Half a dozen developers control 70 per cent of Transferable Development Rights in the city.

A cartelisation of Mumbai’s real estate, one of the costliest in the world, in the matter of transferable development rights (TDR) has put upward pressure on prices and has also caused concern in policy circles.

In a recent development, just six-odd builders and developers hold 70 per cent of the 2.5-3 million sq ft TDR available. The price of TDR has also surged to Rs 2,500-Rs 3,000 per sq ft from Rs 800-1,000 sq ft in the past six months.

TDRs are rights granted by the civic or state agency to a property developer who surrenders land to the government and, in exchange, is allowed proportionate or more development rights on land in the vicinity or northwards. He may sell that property so developed or sell the right itself, the TDR; these are transferable.

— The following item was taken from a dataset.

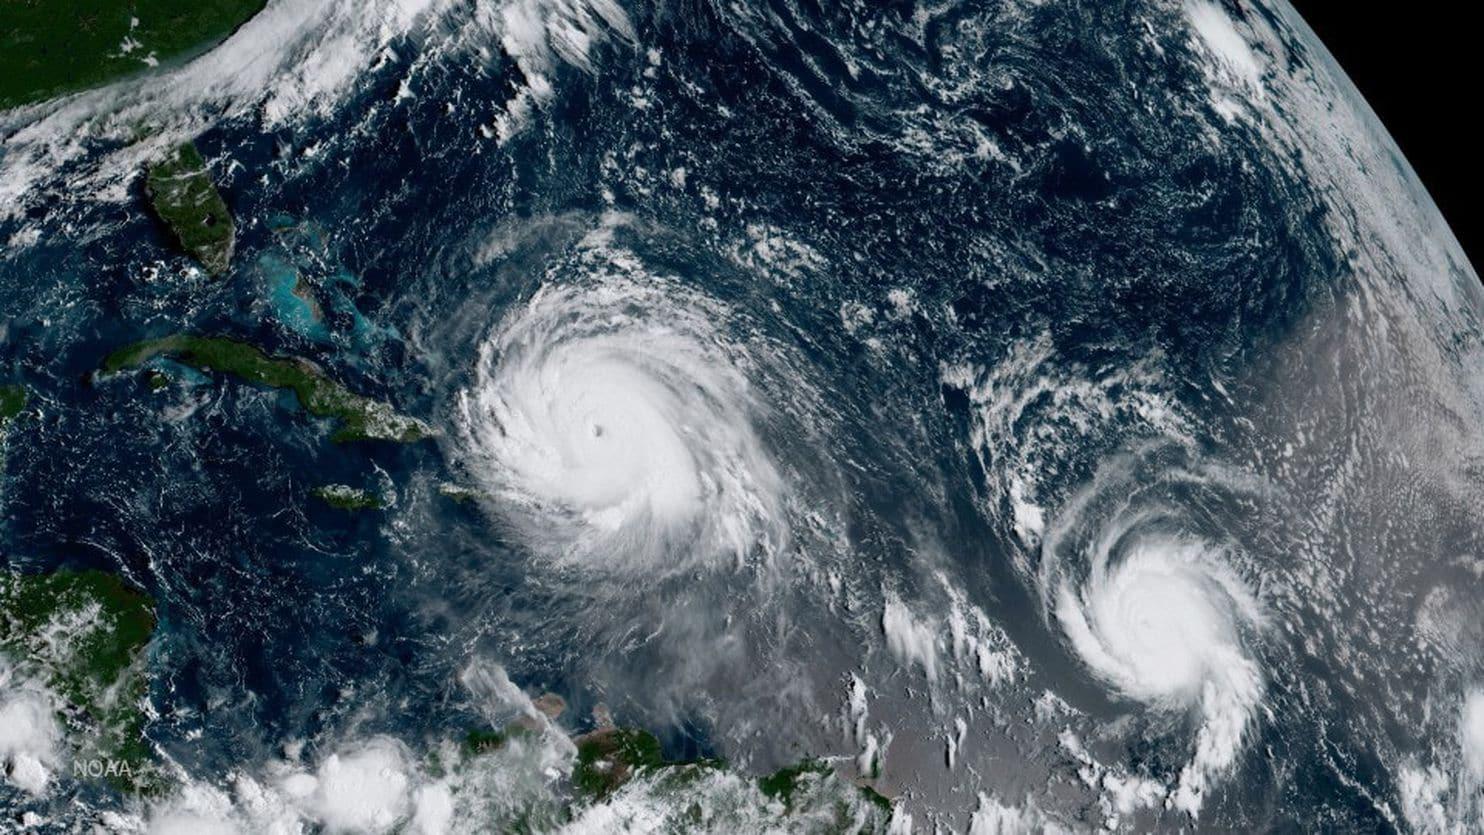 City of Miami Secures $7.3 Million Reimbursement Check from FEMA for Irma

Realty sector sources said the Mumbai cartel had meant a rise in TDR prices practically every month. The development is a sequel to a 2008 order of the High Court here, which stayed a state government decision to allow 33 per cent extra building rights (measured as more of Floor Space Index, or FSI, the ratio of what can be erected on a plot of land to its area) in return for more premium.

The order was in response to a public-interest suit on the issue.

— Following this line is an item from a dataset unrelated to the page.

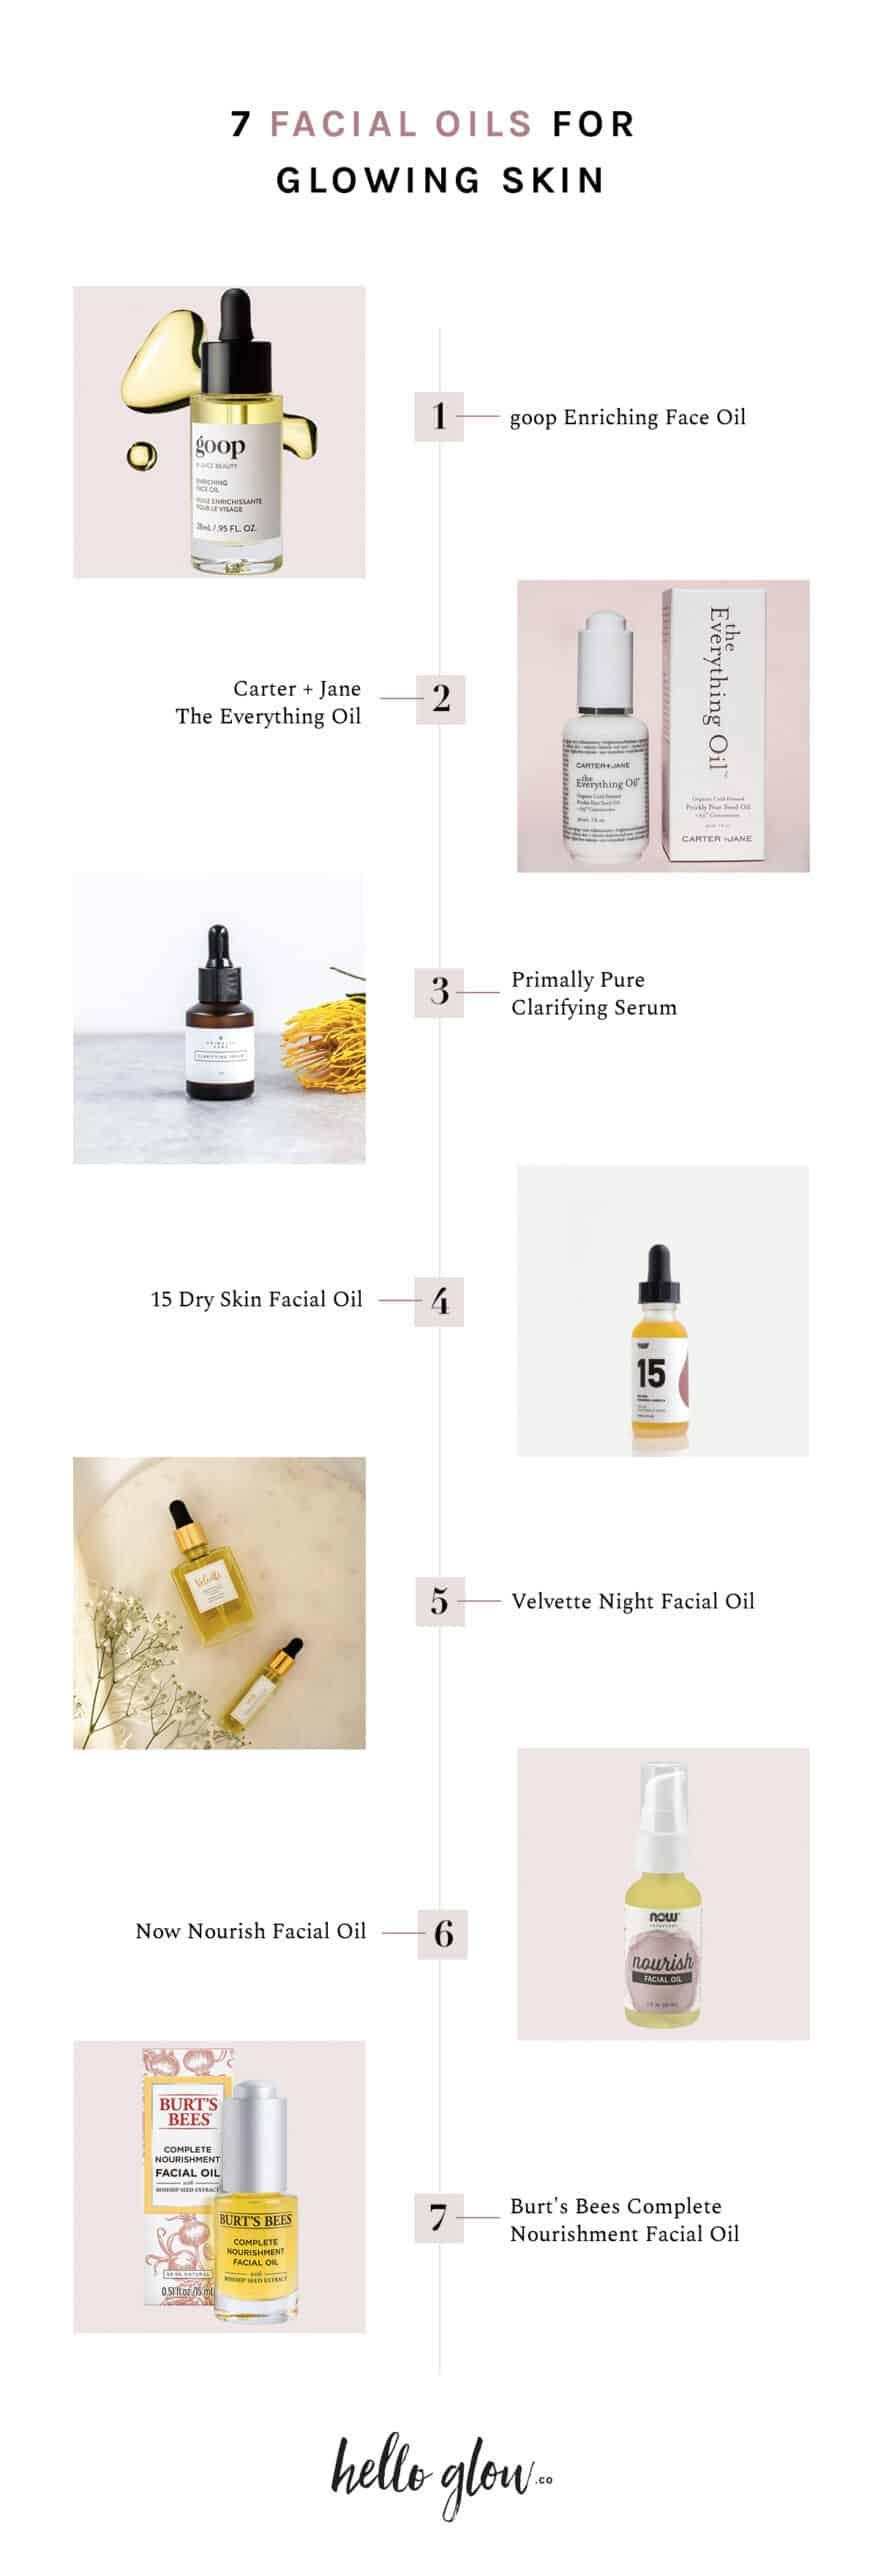 7 Favorite Facial Oils for Glowing Skin - Hello Glow

A state government official, who did not want to be quoted, said the government may approach the court shortly to reiterate its plea for additional FSI (they may even go to the Supreme Court to get the stay vacated, say officials). The higher FSI, if allowed, will stop the builders’ cartel from jacking up prices at will, he said.

Maharashtra’s minister of state for housing, Sachin Ahir, said: “The government will take all necessary measures to curb cartelisation in the use of TDR in Mumbai.”

Sunil Mantri, chairman, Sunil Mantri Realty, said, “Prices of TDR are unaffordable.”

However, Nainesh Shah, executive director of Everest Developers, argued that TDR rates can be brought down only by an increase in the stock of land and the government is the only entity who can make this happen. “More land needs to be released,” he said.

Ashutosh Limaye, associate director, strategic consulting, Jones Lang LaSalle Meghraj, said TDR trading follows the open market principle. For areas that are popular and in demand for real estate development (Bandra, Chembur, Vile Parle, etc), land prices is high and it makes sense to buy TDR even at a higher rate.

Mumbai’s own peculiarity is that TDR, in practice, can only be deployed in the northern suburbs, while it is generated in the area south of this. This contributes to the upward pressure on its price. The government order which the court stayed, on allowing more FSI on payment of a premium, had sought to widen the supply, was the official argument.

Opponents of the way TDR has worked in practice, including those who went to court on the issue mentioned, argue that it has led to congestion in the suburbs, haphazard and unplanned development, and intense pressure on infrastructure. It may be noted that this policy, pioneered in Mumbai, has since been adopted by state and civic agencies through the country.